Cohort analysis for the identification of driver genes
Key Learning Outcomes¶
After completing this practical the trainee should be able to:
-
Run the
IntOGen
analysis software on cohort mutation data. -
Have gained experience of the structure of the analysis output files in order to identify potential driver genes.
-
Have gained overview knowledge of different methods for identification of genes important in cancers.
Resources You’ll be Using¶
Tools Used¶
IntOGen mutations platform:
https://www.intogen.org/search
Sources of Data¶
TCGA melanoma somatic SNV data from 338 tumour samples:
https://tcga-data.nci.nih.gov/tcga/
Useful Links¶
Mutation Annotation Format (MAF) specification:
https://wiki.nci.nih.gov/display/TCGA/Mutation+Annotation+Format+(MAF)+Specification
IntOGen installation instructions: https://bitbucket.org/intogen/intogen-pipeline/overview
Author Information¶
Primary Author(s):
Ann-Marie Patch, QIMR Berghofer ann-marie.patch@qimrberghofer.edu.au
Erdahl Teber, CMRI eteber@cmri.org.au
Contributor(s):
Scott Wood scott.wood@qimrberghofer.edu.au
Introduction¶
Cancer driver genes are commonly described as genes that when mutated directly affect the potential of a cell to become cancerous. They are important to a tumour cell as they confer a growth or survival advantage over the normal surrounding cells. The mutations in these driver genes are then clonally selected for as the population of tumour cells increases. We think of the key genes driving tumour initiation (development), progression, metastases, resistance and survival. Driver gene mutations are often described as “early” events because they were key in turning a normally functioning and regulated cell into a dysregulated one. The logical assumption is that these key mutations will be present in all tumour cells in a patient’s sample; although sometime this is not true.

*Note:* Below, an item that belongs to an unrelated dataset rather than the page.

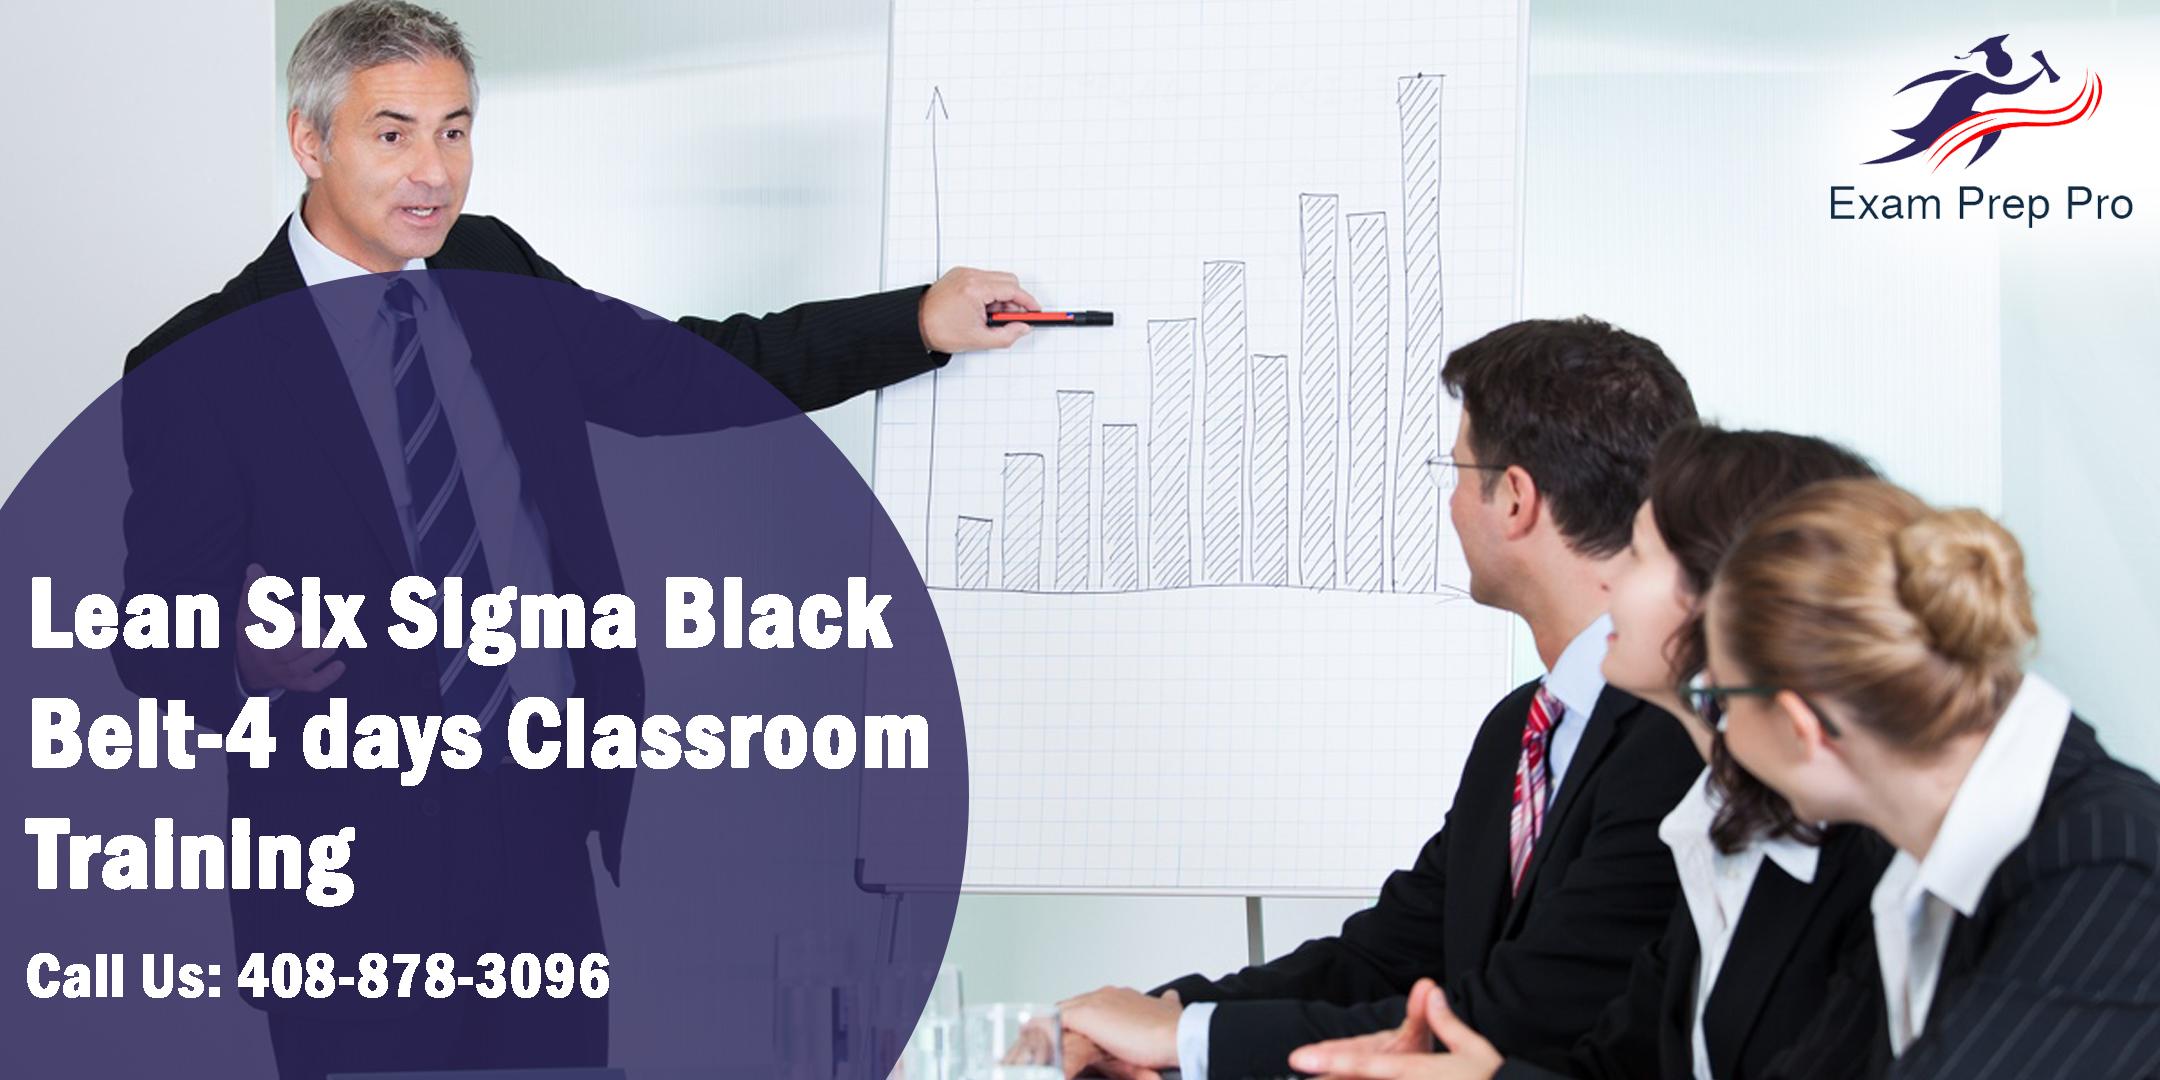 Lean Six Sigma Black Belt-4 days Classroom Training in Orlando,FL

There are two major research goals that underline the need to identify driver genes:
-
By identifying the early changes that take place researchers might be able to find a treatment to stop the root cause of why cells become malignant.
-
By identifying groups of patients with the same genes mutated then we can develop therapies that will work for all of them.
When we sequence tumour samples we tend to use samples that come from fully developed cancers that can carry hundreds to thousands of mutations in genes and many more outside of genes. The accumulation of these passenger mutations in cancer cells can happen because often the repair mechanisms or damage sensing processes are amongst the first pathways to become disrupted accelerating the mutational rate. Mutations that occur in genes after the cell has become cancerous may still affect the growth rate, invasiveness and even the response to chemotherapy but may not be present in all cells of a tumour. These genes may be drivers of chemo-resistance or metastasis and are equally good targets for therapies.
IntOGen-mutations is a platform that aims to identify driver mutations using two methodologies from cancer cohort mutation data: the first identifies mutations that are most likely to have a functional impact combined with identifying genes that are frequently mutated; and the second, genes that harbour clustered mutations. These measures are all indicators of positive selection that occurs in cancer evolution and may help the identification of driver genes.
Analysing cancer cohort data with IntOGen¶
IntOGen-mutations is available as a web based service that can allow users to run their analysis on the host’s servers or it can be downloaded and run on a local server.
For the purposes of the course we will be using a local version of
IntOGen
so that we don’t encounter any issues sharing resources.
-
To begin open a terminal and navigate to the directory
somatic/intogen
.cd ~/somatic/intogen
In this directory you will find a Mutation Annotation Format (MAF) file
containing a cut down version of the somatic variant calls identified from
melanoma samples investigated as part of the TCGA cancer genomics projects.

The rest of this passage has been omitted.